Our hypothesis is that the lack of drugs to halt Alzheimer’s disease stems in large part from ignorance of the structures of the most pertinent drug targets: the aggregated forms of the proteins tau and beta-amyloid. Here we propose to extend our studies of the structures of amyloid fibrils and oligomers to enable structure-based design of inhibiting compounds. For each of our proposed projects, structure determination will be followed by structure-based design of one or more inhibitors. Then each inhibitor will be assayed for effectiveness in inhibiting aggregate formation in vitro and inhibiting toxicity in cell models. The most effective inhibitors will then be assessed in animal models of our collaborators. Among our projects are the following: (1) Structure determination of oligomers of tau that can seed spreading of tau from cell to cell, and subsequent design of an inhibitor of oligomerization; (2) Inhibitor design of tau aggregation based on our newly determined structure of the amyloid-forming segment of tau with sequence VQIINK; (3) Evolution by ribosome display of inhibiting single-domain antibodies against tau aggregates, with the possibility that these may penetrate the blood-brain- barrier; (4) Optimization of existing crystals of the 20 residue segment of beta-amyloid with sequence GKLVFFGENVGSNKGAIIGL, which seems to form an oligomer. Improved crystals will be followed by structure determination and inhibitor design; (5) Crystallization of beta-amyloid or its segments in a lipid environment to gain possible insight into its toxic function; (6) Structure determination of a segment of beta-amyloid bound to its putative cell-surface receptor, followed by inhibitor design; (7) Exploration of the action of our newly discovered segment of the protein transthyretin which breaks up oligomers of beta-amyloid and inhibits toxicity. Each of these projects, if successful, opens a path to a possible therapeutic agent against Alzheimer’s disease. These paths have not been previously available because the pertinent structures have been unknown. We find the principal barrier to determination of amyloid structures is the miniscule size of the crystals. We propose to surmount this barrier by further exploitation of advanced methods of electron diffraction.

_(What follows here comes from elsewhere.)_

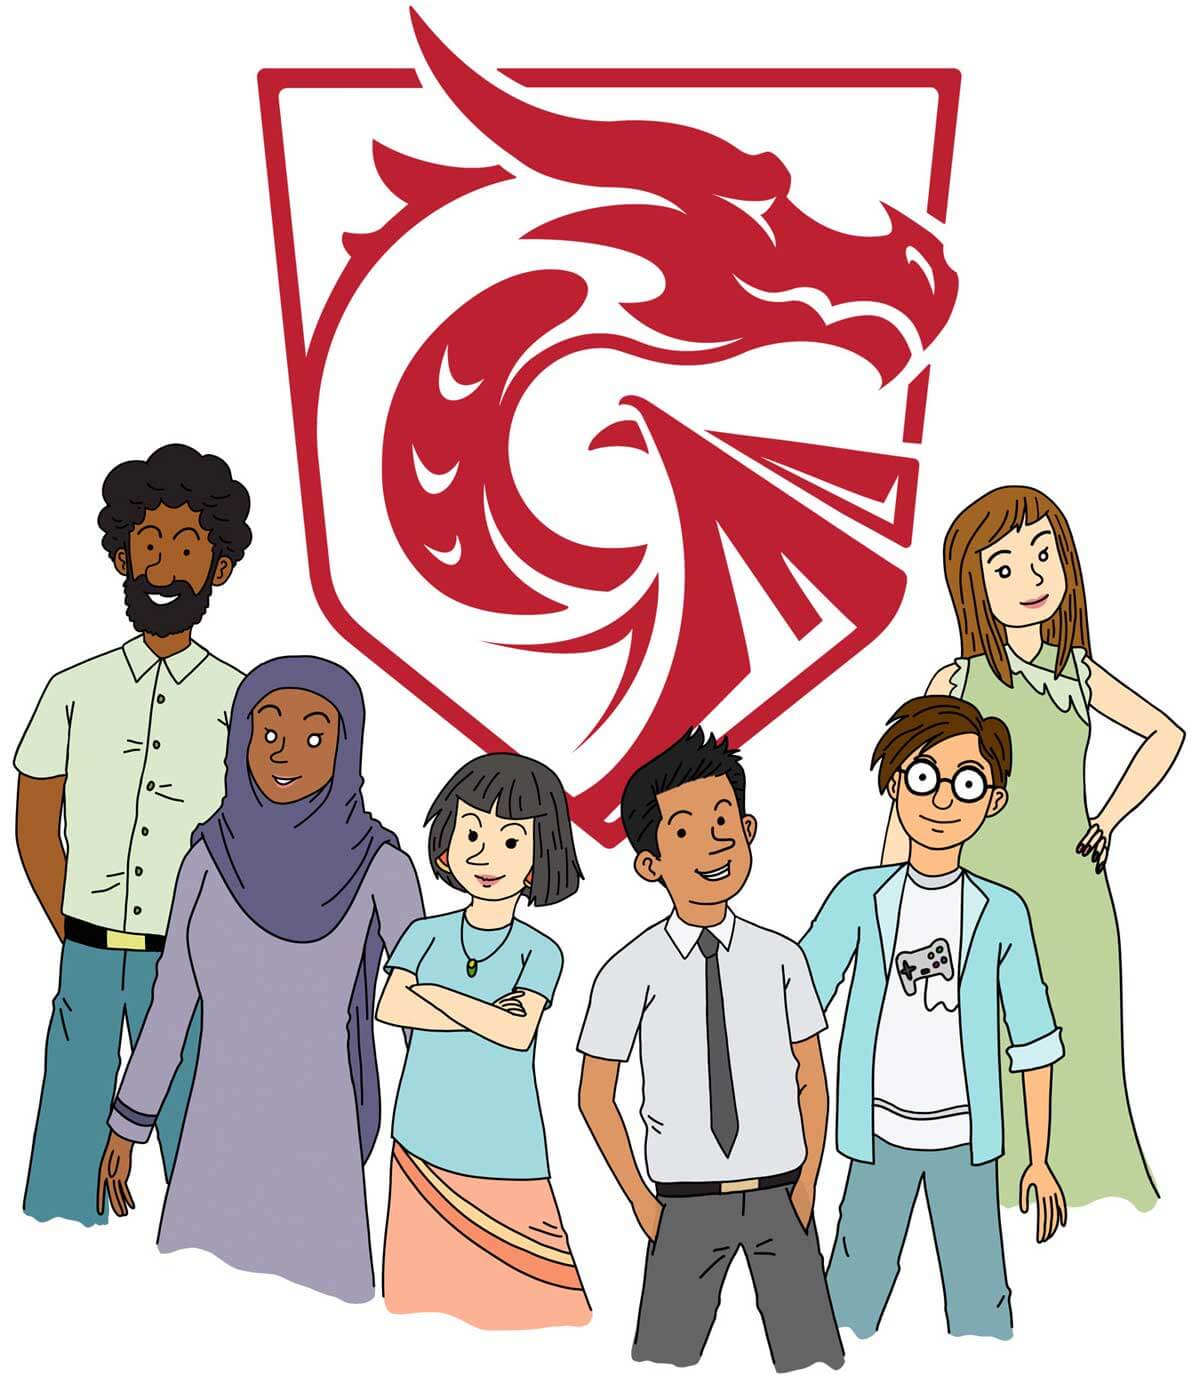 Seis estudiantes reunidos alrededor del logo de DigiPen.
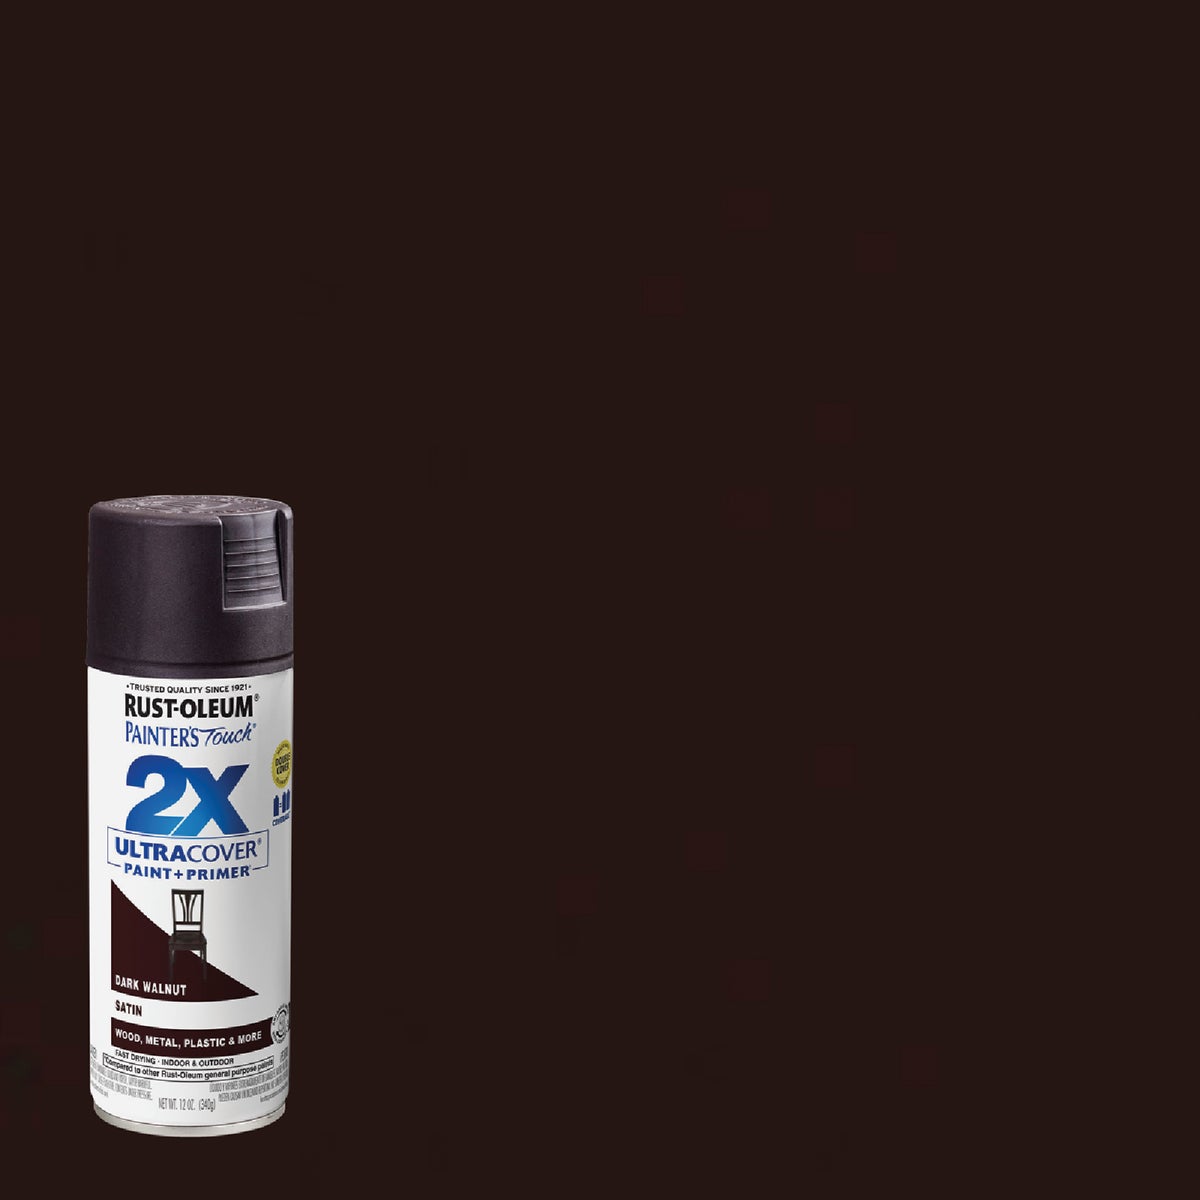 Rust-Oleum Painter's Touch 2X Ultra Cover 12 Oz. Satin Paint + Primer Spray Paint, Dark Walnut

我们的假设是，缺乏阻止阿尔茨海默氏病的药物很大程度上远离无知 最相关的药物靶标的结构：蛋白质tau和 β-淀粉样蛋白。在这里，我们建议扩展我们对淀粉样纤维原纤维结构的研究和 低聚物可以实现基于结构的抑制化合物设计。对于我们的每个建议 项目，结构确定将是一个或多个抑制剂的基于结构的设计。 然后，将分配每个抑制剂在体外抑制骨料形成方面的有效性 抑制细胞模型中的毒性。然后将在动物模型中评估最有效的抑制剂 我们的合作者。我们的项目中有以下内容：（1）tau的低聚物的结构测定，可以从细胞到细胞播种tau的种子，以及随后的寡聚化抑制剂的设计； （2）基于我们新确定的淀粉样蛋白形成结构的抑制剂设计 用序列vqiink的tau段； （3）核糖体显示抑制单域的进化 针对tau聚集体的抗体，这些抗体可能会穿透血脑 障碍; （4）用序列优化β-淀粉样蛋白的20个居住段的现有晶体 Gklvffgenvgsnkgaiigl，似乎形成了一种低聚物。将遵循改进的晶体 按结构确定和抑制剂设计； （5）在A中结晶的β-淀粉样蛋白或其片段 脂质环境可以洞悉其毒性功能； （6）结构确定 与其推定的细胞表面受体结合的β-淀粉样蛋白段，然后是抑制剂设计； （7） 探索我们新发现的蛋白质经硫蛋白的作用 向上β-淀粉样蛋白的低聚物并抑制毒性。如果成功的话，这些项目中的每一个都为针对阿尔茨海默氏病的可能的治疗剂开辟了道路。这些路径以前尚未获得，因为永久性结构尚不清楚。我们发现确定淀粉样结构的主要障碍是晶体的微小尺寸。我们建议通过进一步利用高级电子衍射方法来克服这一障碍。